Admittedly, ballooning is a little crazy at the best of times. But I have secretly loved it since childhood, when my Royal Air Force uncle tied a red helium balloon to my top shirt-button and told me I could fly. Or at least, fall into the sky. Some sixty years later, the result is Falling Upwards. Like my last book, "The Age of Wonder," it's inspired by the meeting of Science and the Romantic spirit, a subject that seems more than ever relevant today. But this time it's also something of a personal adventure story.
What I have tried to write is less a conventional history of balloons (though I have found over 150 historic illustrations), but more a study of the balloonists themselves. What fascinates me as a biographer is their characters, their motivation, their dreams and their truly fantastic stories. I am also intrigued by the metaphysics of flight itself. Why, ever since Icarus have we tried to fly? What have we found up there above the clouds? And how has it changed us, and our way of looking down at our fragile, beautiful planet?
It is often forgotten that men and women were airborne for 120 years before the Wright brothers flew their first airplanes. The balloon stories I have discovered in archives all over the world (including Britain, France, America and Australia) are fantastic in every sense. For instance: firework ballooning in France; night ballooning in Germany; long distance ballooning across America; high altitude ballooning above England; escape ballooning from the terrible Prussian Siege of Paris (and also out of Communist East Germany); observational ballooning during the American Civil War; and even scientific ballooning across the Arctic.
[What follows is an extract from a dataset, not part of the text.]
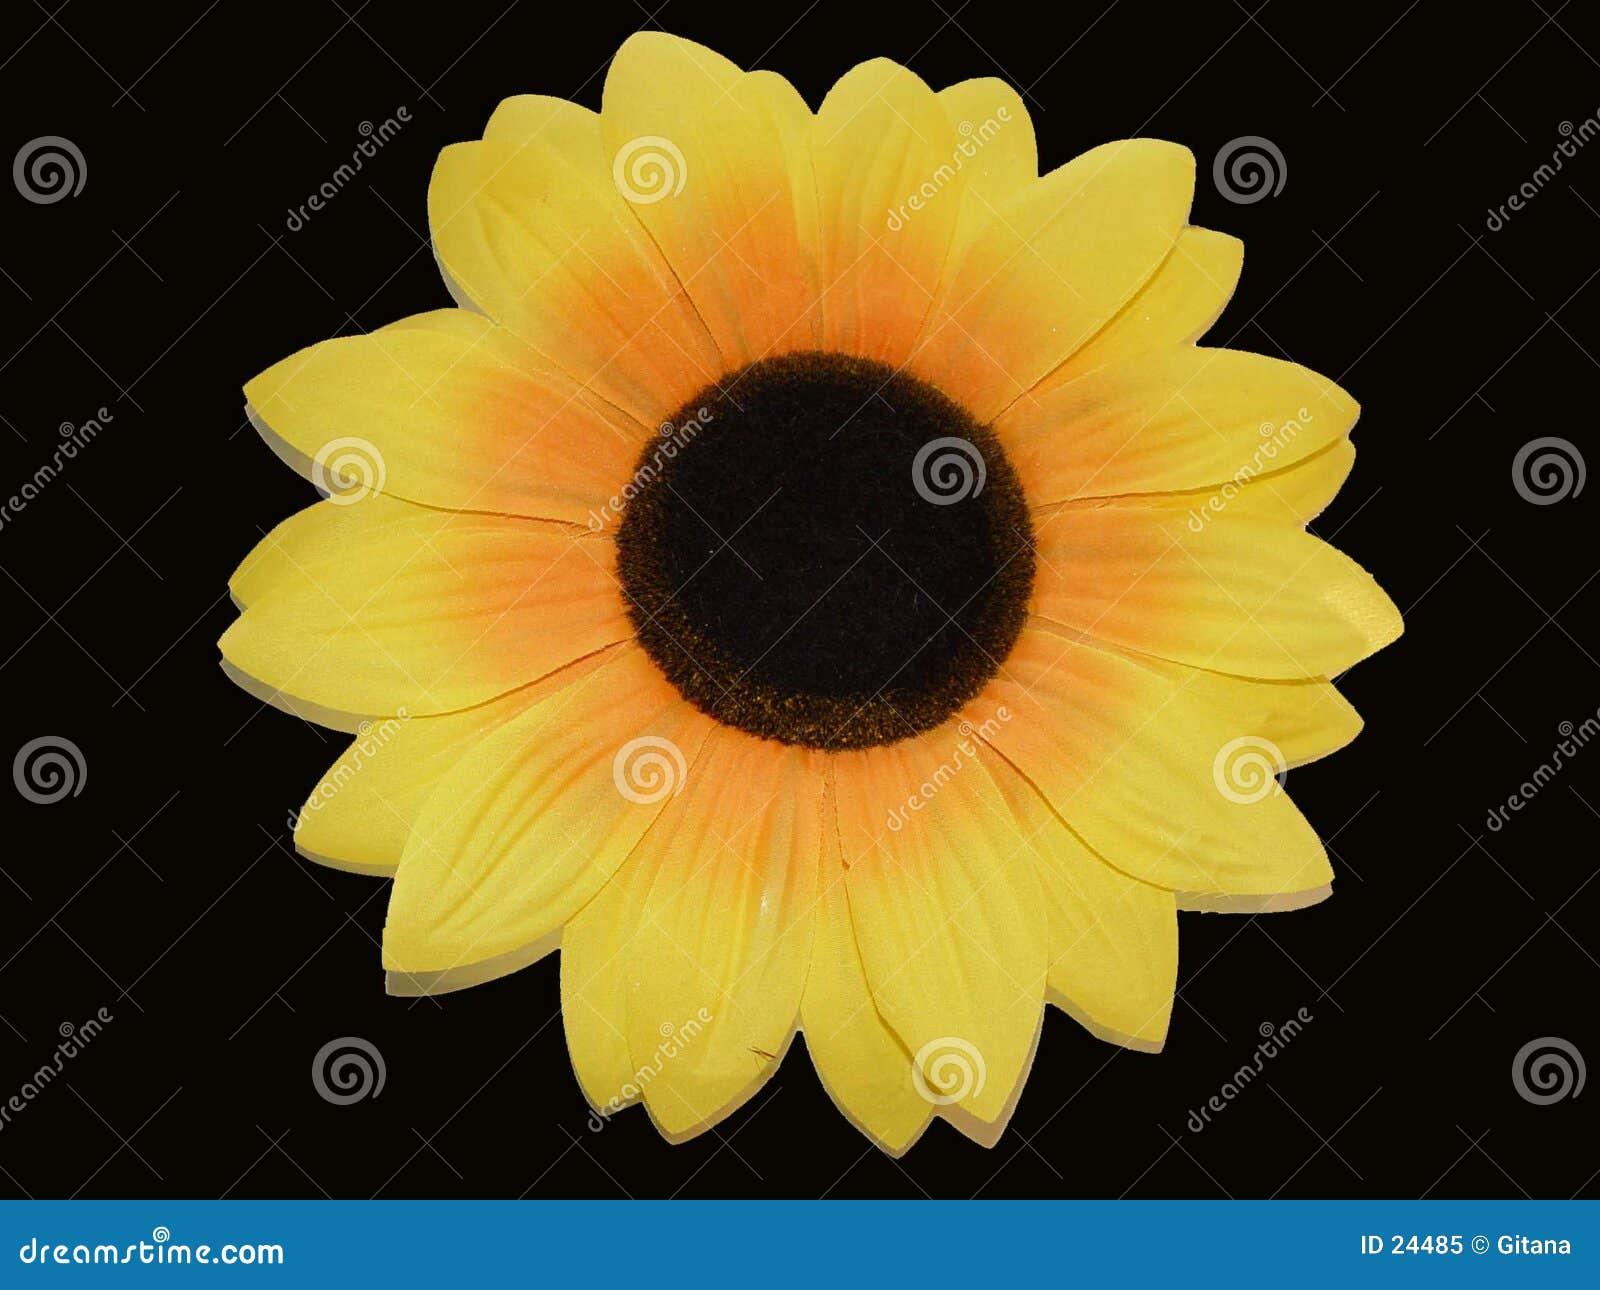 Sunflower on a black background
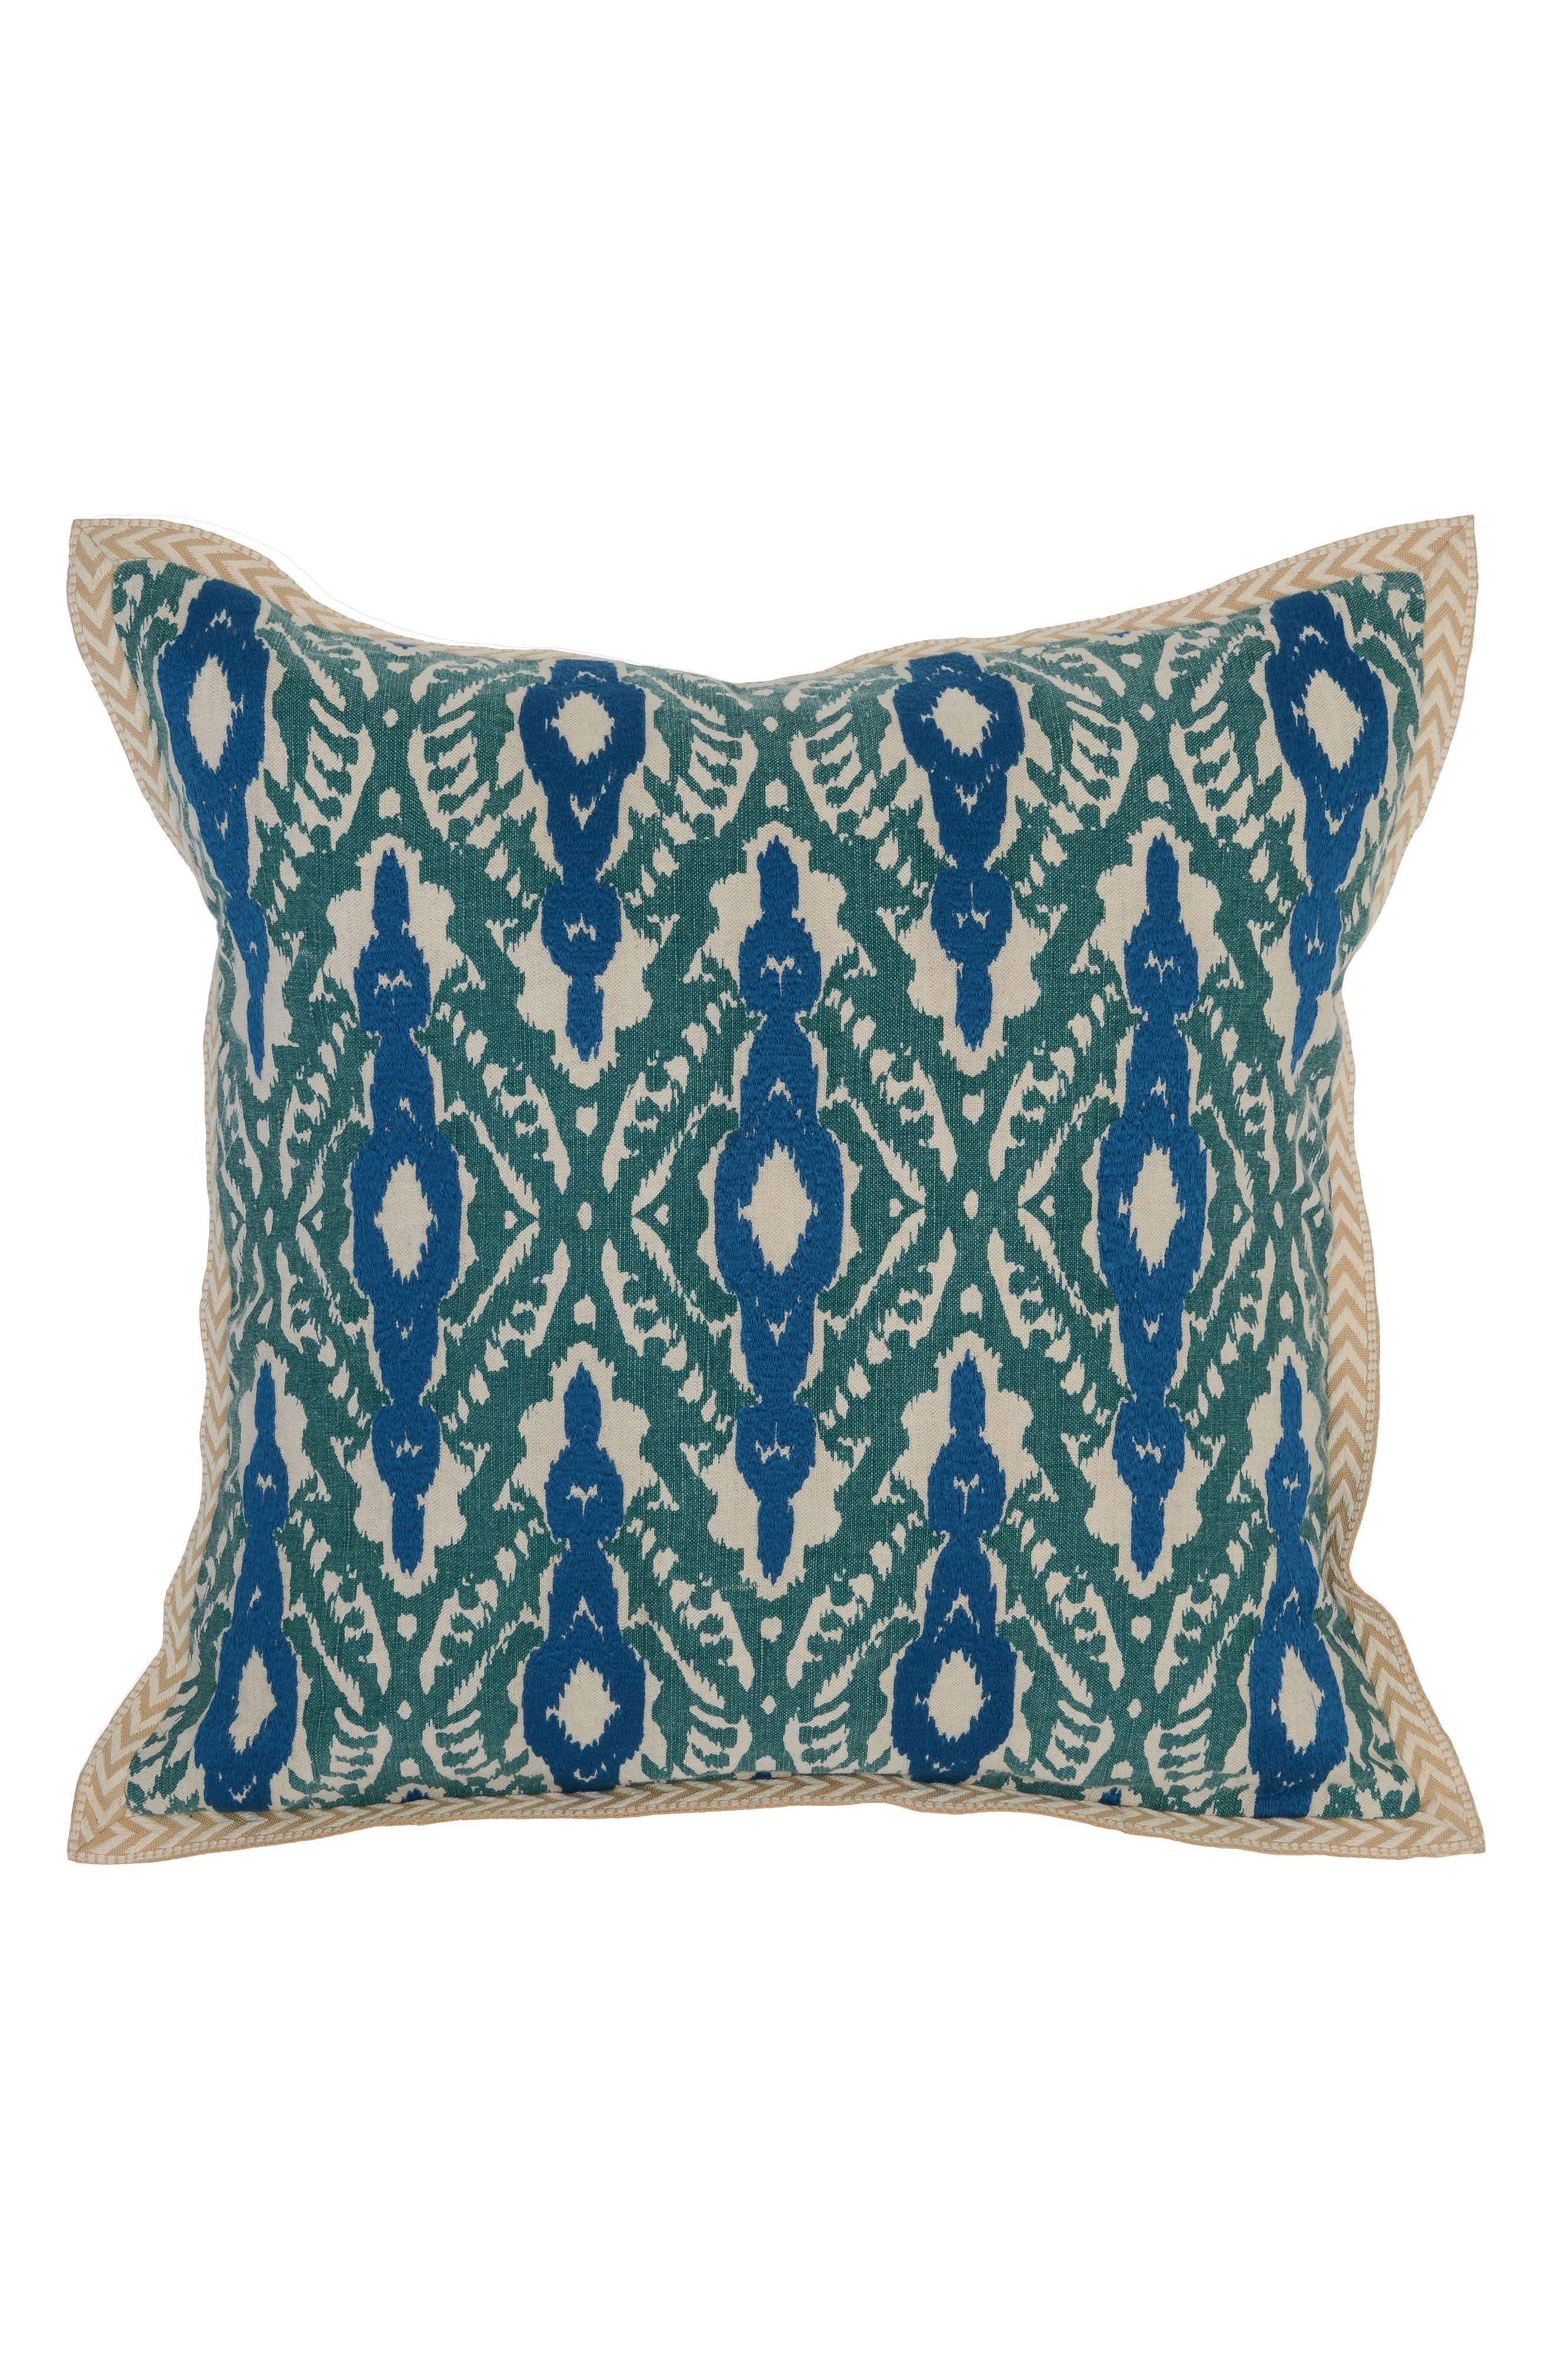 Bali Accent Pillow,                             Main thumbnail 1, color,                             400

The balloonists themselves provided me with extraordinary varied examples of courage, recklessness, exhibitionism, or scientific daring; often all subtly combined. There was the beautiful Sophie Blanchard, who became Napoleon's official display balloonist; the intrepid Charles Green who flew through the night from London to Germany; John Wise who achieved one of the greatest long-distance flights in America; James Glaisher who ascended seven miles (higher than Everest) without oxygen; Felix Nadar who invented aerial photography; Professor Thaddeus Lowe who flew for President Lincoln and the Union army; Engineer Andree who tried to balloon to the North Pole; and the provocative Dolly Shepherd who introduced free-fall parachuting from a balloon trapeze ten thousand feet up.
On top of all this, I was surprised to find the literary genre of science fiction arose partly out ballooning and dreams of flight - another case of Science meeting Art. So my cast list includes writers like Mary Shelley, Edgar Allan Poe, Victor Hugo, Charles Dickens, Jules Verne, and HG Wells, among many others. Altogether, as I say, it's just a little crazy. But I really loved doing it, including some truly breathless "research" at the great Albuquerque International Balloon Festival in New Mexico.